Archive for the ‘European Commission’s Food and Veterinary Office (FVO)’ Tag

Victory for U.S. Horses   1 comment

From:  Encyclopedia Britannica – Advocacy for  Animals

Dec 10, 2014 by Michael Markarian

European Commission Suspends Horsemeat Imports From Mexico

Our thanks to Michael Markarian for permission to republish this post, which originally appeared on his blog Animals & Politics on December 9, 2014.

The European Commission has suspended the import of horsemeat from Mexico to the European Union due to food safety concerns, and it’s a decision that has huge implications for the slaughter of American horses for human consumption.

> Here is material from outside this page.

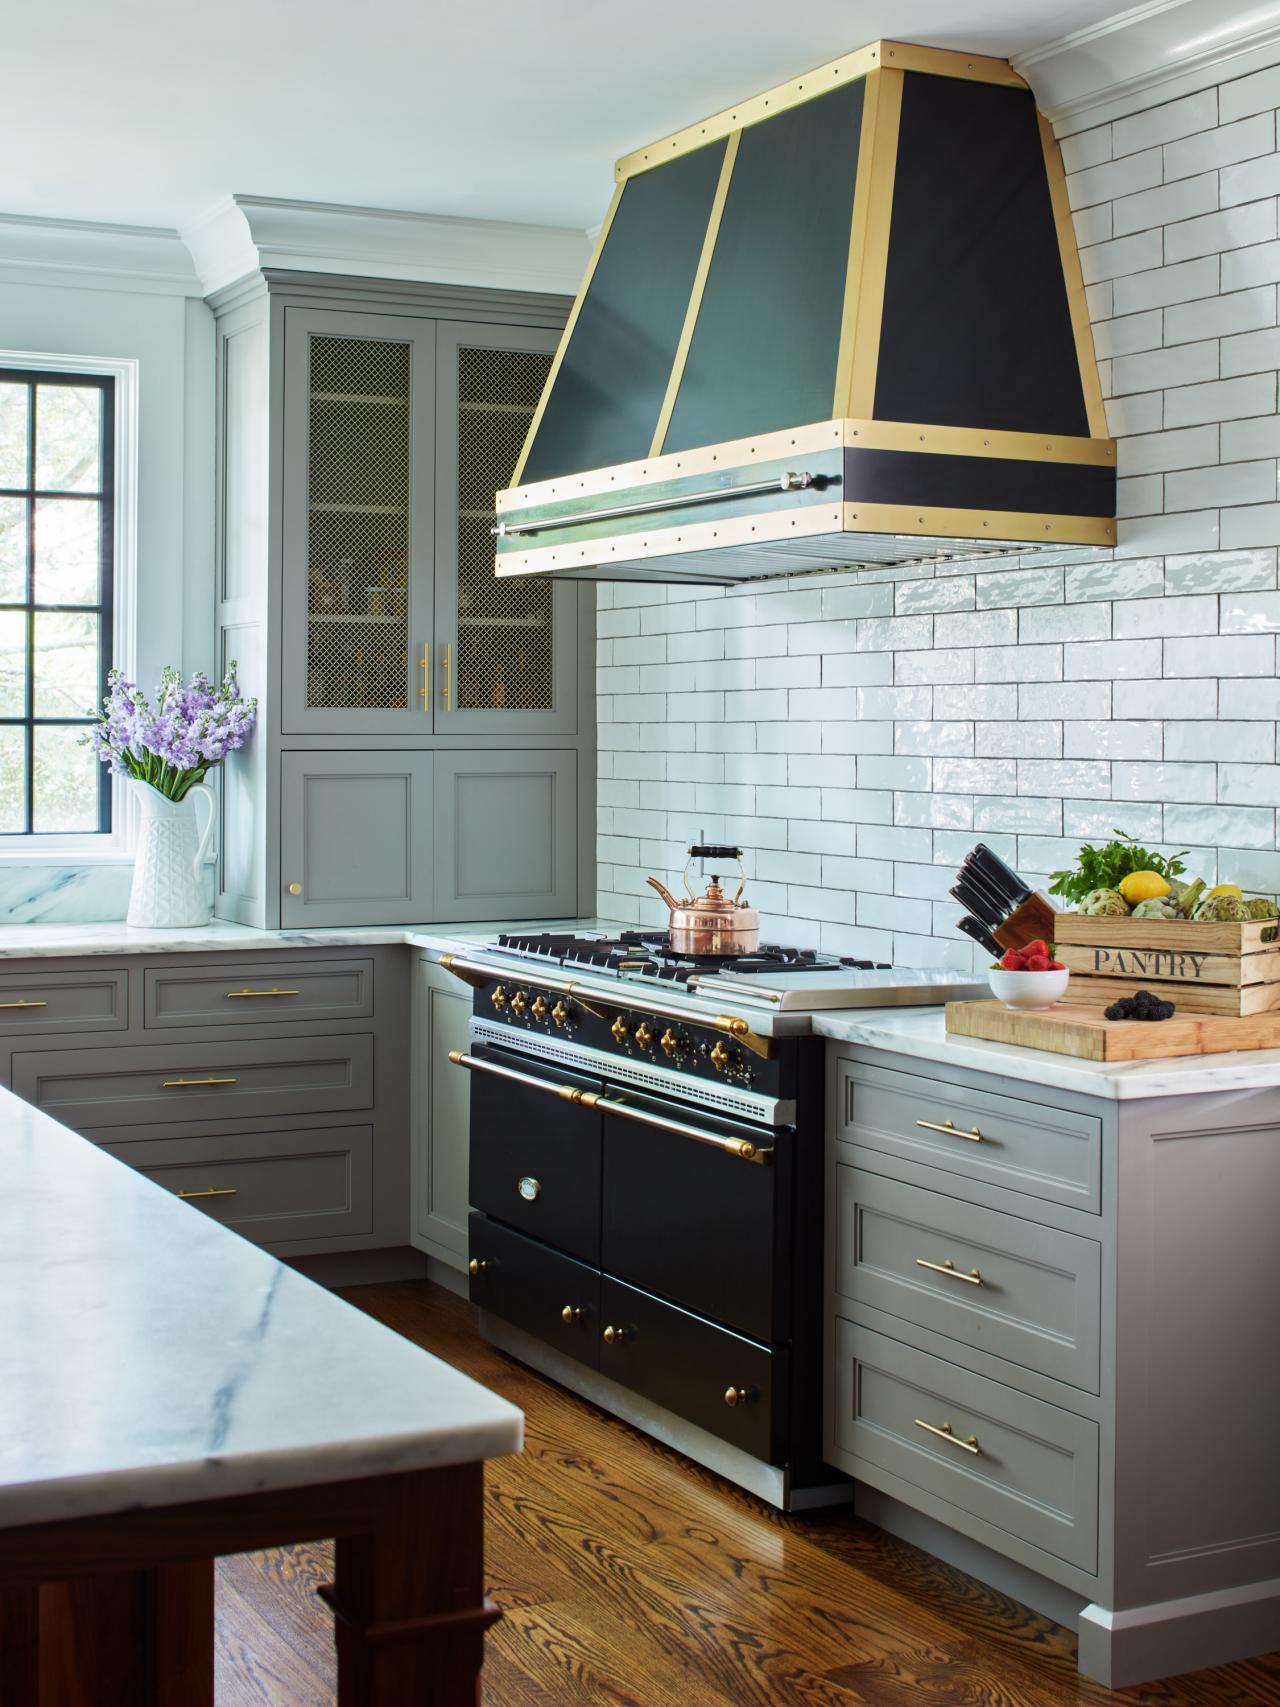 Subway Tile Backsplashes Pictures, How To Estimate A Subway Tile Backsplash

Horses wait in pens at the U.S. border before being transported to Mexico for slaughter. Photo: Kathy Milani/The HSUS.

 

 

 

 

 

 

 

 

 

Killer buyers export tens of thousands of horses from the United States to Mexico each year, often outbidding horse owners and rescue groups, just so the animals can be inhumanely butchered, shrink-wrapped, and air-freighted to diners in Belgium, France, Italy, and other EU nations.

In fact, according to an audit published last week by the Commission’s Food and Veterinary Office, 87 percent of the horses slaughtered in Mexico for export to the EU came from the United States. The audit paints a grim picture of serious animal welfare problems both during transport and on arrival at the slaughter plants, with controls on the effectiveness of stunning the horses described as “insufficient” during slaughter.

The auditors reported that “horses of US origin were regularly found dead in slaughterhouse pens due to trauma or pneumonia shortly after arrival,” and that many rejected horses had livers indicating trauma and injury during transport. They recounted finding two injured horses (“one with open wounds above both eyes, the other lame”) who “had been left in pens under full sun…and had been present in the pens without veterinary treatment for at least two days.”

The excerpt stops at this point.